Dermatologie numérique : le CHU de Nice lance le Tiers-Lieu d'Expérimentation SKIN
Présentée comme la seule plateforme française 100 % dédiée à l'innovation numérique en santé de la peau, cette initiative portée dans le cadre de France 2030 vise à structurer une filière régionale et nationale, première brique d'un futur institut européen de référence.
Le CHU de Nice a officiellement lancé le 28 mai dernier, à l'hôpital Pasteur 2, le Tiers-Lieu d'Expérimentation SKIN, dit TLE SKIN. Déjà opérationnel depuis janvier selon des sources sectorielles, ce dispositif collaboratif se positionne comme la seule plateforme en France entièrement dédiée à l'innovation numérique en santé de la peau. Son ambition est triple : clinique, technologique et industrielle. Il s'agit de faire travailler ensemble médecins, patients, chercheurs, startups et entreprises autour d'un constat alarmant : les cancers cutanés ont triplé en trente ans, tandis que l'accès aux dermatologues se raréfie sur l'ensemble du territoire.
Concrètement, le TLE SKIN accompagne les porteurs de projets de l'idée jusqu'au marché : validation clinique et technologique, stratégie réglementaire, marquage CE, certification dispositif médical et accès aux 3 000 établissements référencés au catalogue RESAH. Le programme couvre l'ensemble du spectre dermatologique, des pathologies chroniques aux soins cosmétiques, avec une logique de co-construction intégrant patients et praticiens dès la phase de conception. Porté par le Professeur Thierry Passeron, chef du service dermatologie du CHU de Nice, le projet rassemble un consortium solide : URPS Médecine libérale PACA, Association des Dermatologues Libéraux, Fédération Française de la Peau, Inria Sophia-Antipolis, Eurobiomed et Issého, notamment. (Photo DR).
La feuille de route est précise et volontariste : six expérimentations sur trois ans, trente projets détectés ou accompagnés par an, deux à trois ateliers d'open innovation annuels, quatre événements par an, et plus de 50 % des projets impliquant des associations de patients ou des représentants d'usagers. Le rayonnement visé est d'abord régional (PACA et Corse ) avant une diffusion nationale des solutions développées. Un appel à manifestation d'intérêt est d'ores et déjà ouvert pour de nouveaux projets dans le cadre de la vague France 2030 2026. La présentation inaugurale a réuni plusieurs acteurs emblématiques de l'écosystème, dont Bernard Fertil (Anapix Medical) sur la téléexpertise, Thierry Desjardins (SurTouch) sur l'IA appliquée au diagnostic dermato-oncologique, et Kévin Cortacero (Mantalys) sur la pathologie digitale.

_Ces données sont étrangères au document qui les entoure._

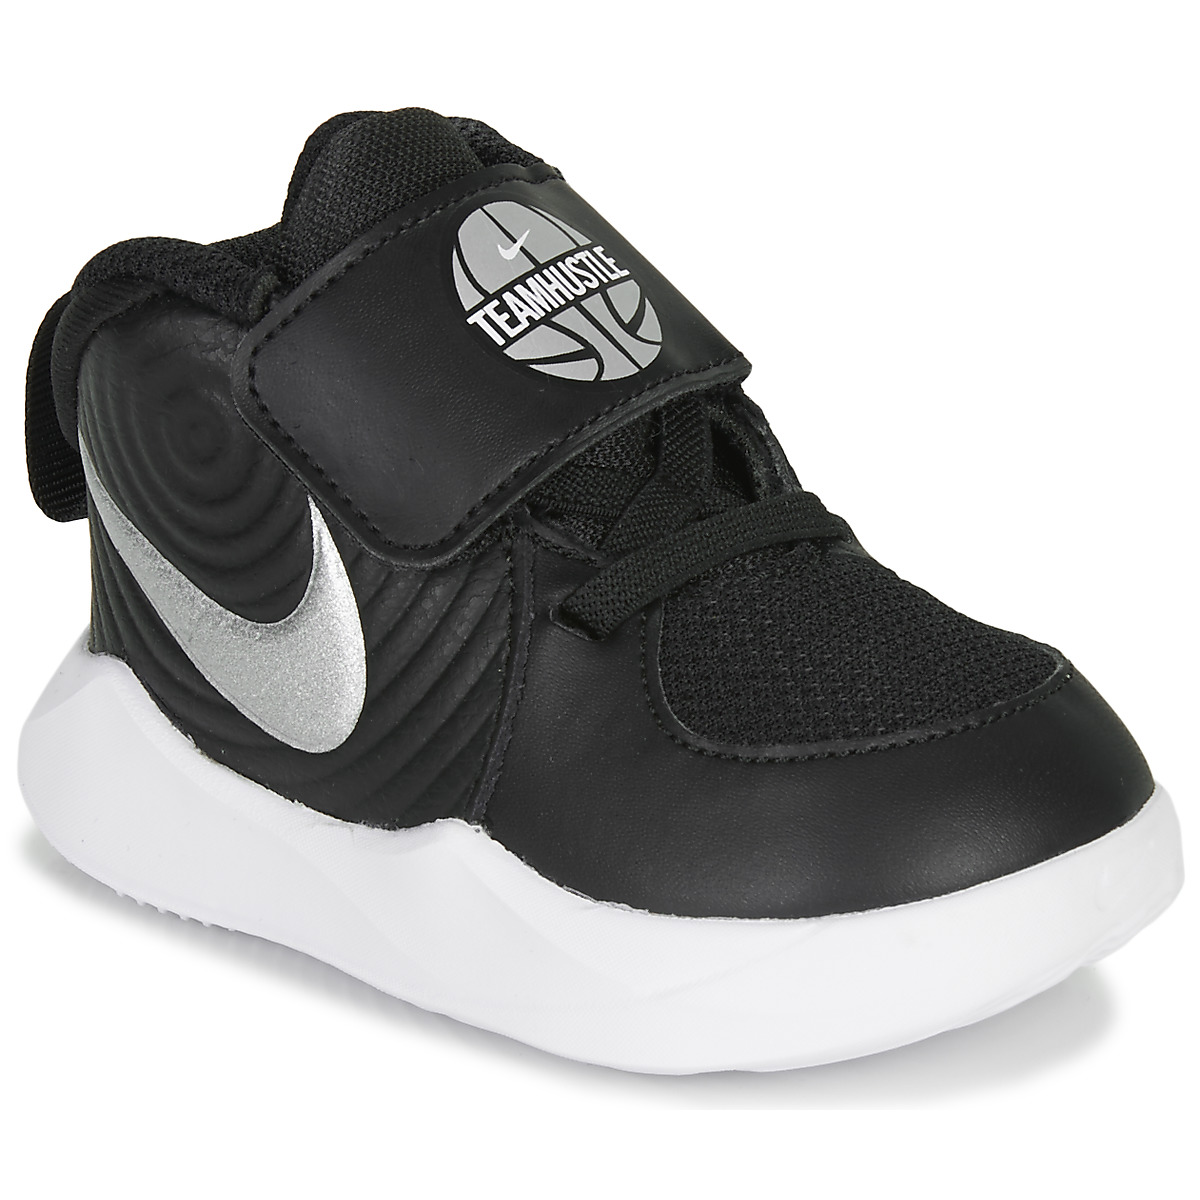 Παπούτσια του Μπάσκετ Nike TEAM HUSTLE D 9 TD

Mais l'ambition va bien au-delà du seul tiers-lieu. Le TLE SKIN est présenté comme la première brique d'un projet de plus grande envergure : le SKIN Institute, dont l'ouverture est prévue en 2027 et qui est appelé à devenir le plus grand centre européen de recherche translationnelle sur la peau. Ce futur institut s'intégrera lui-même dans SKIN Excellence, premier cluster mondial dédié à l'innovation en santé de la peau, piloté par Eurobiomed et fédérant déjà plus de 80 acteurs industriels, académiques et institutionnels des régions PACA et Occitanie. Avec 20 millions de Français souffrant d'au moins une des 6 500 maladies de peau recensées, l'enjeu de santé publique est considérable.
Nice affirme ainsi une ambition de positionnement stratégique à l'échelle européenne, en faisant converger sur son territoire santé, intelligence artificielle, recherche clinique et industrialisation. Le TLE SKIN apparaît moins comme un simple incubateur de projets que comme un outil de structuration de filière, un levier pour faire émerger, sur la Côte d'Azur, un pôle d'excellence mondial en dermatologie numérique.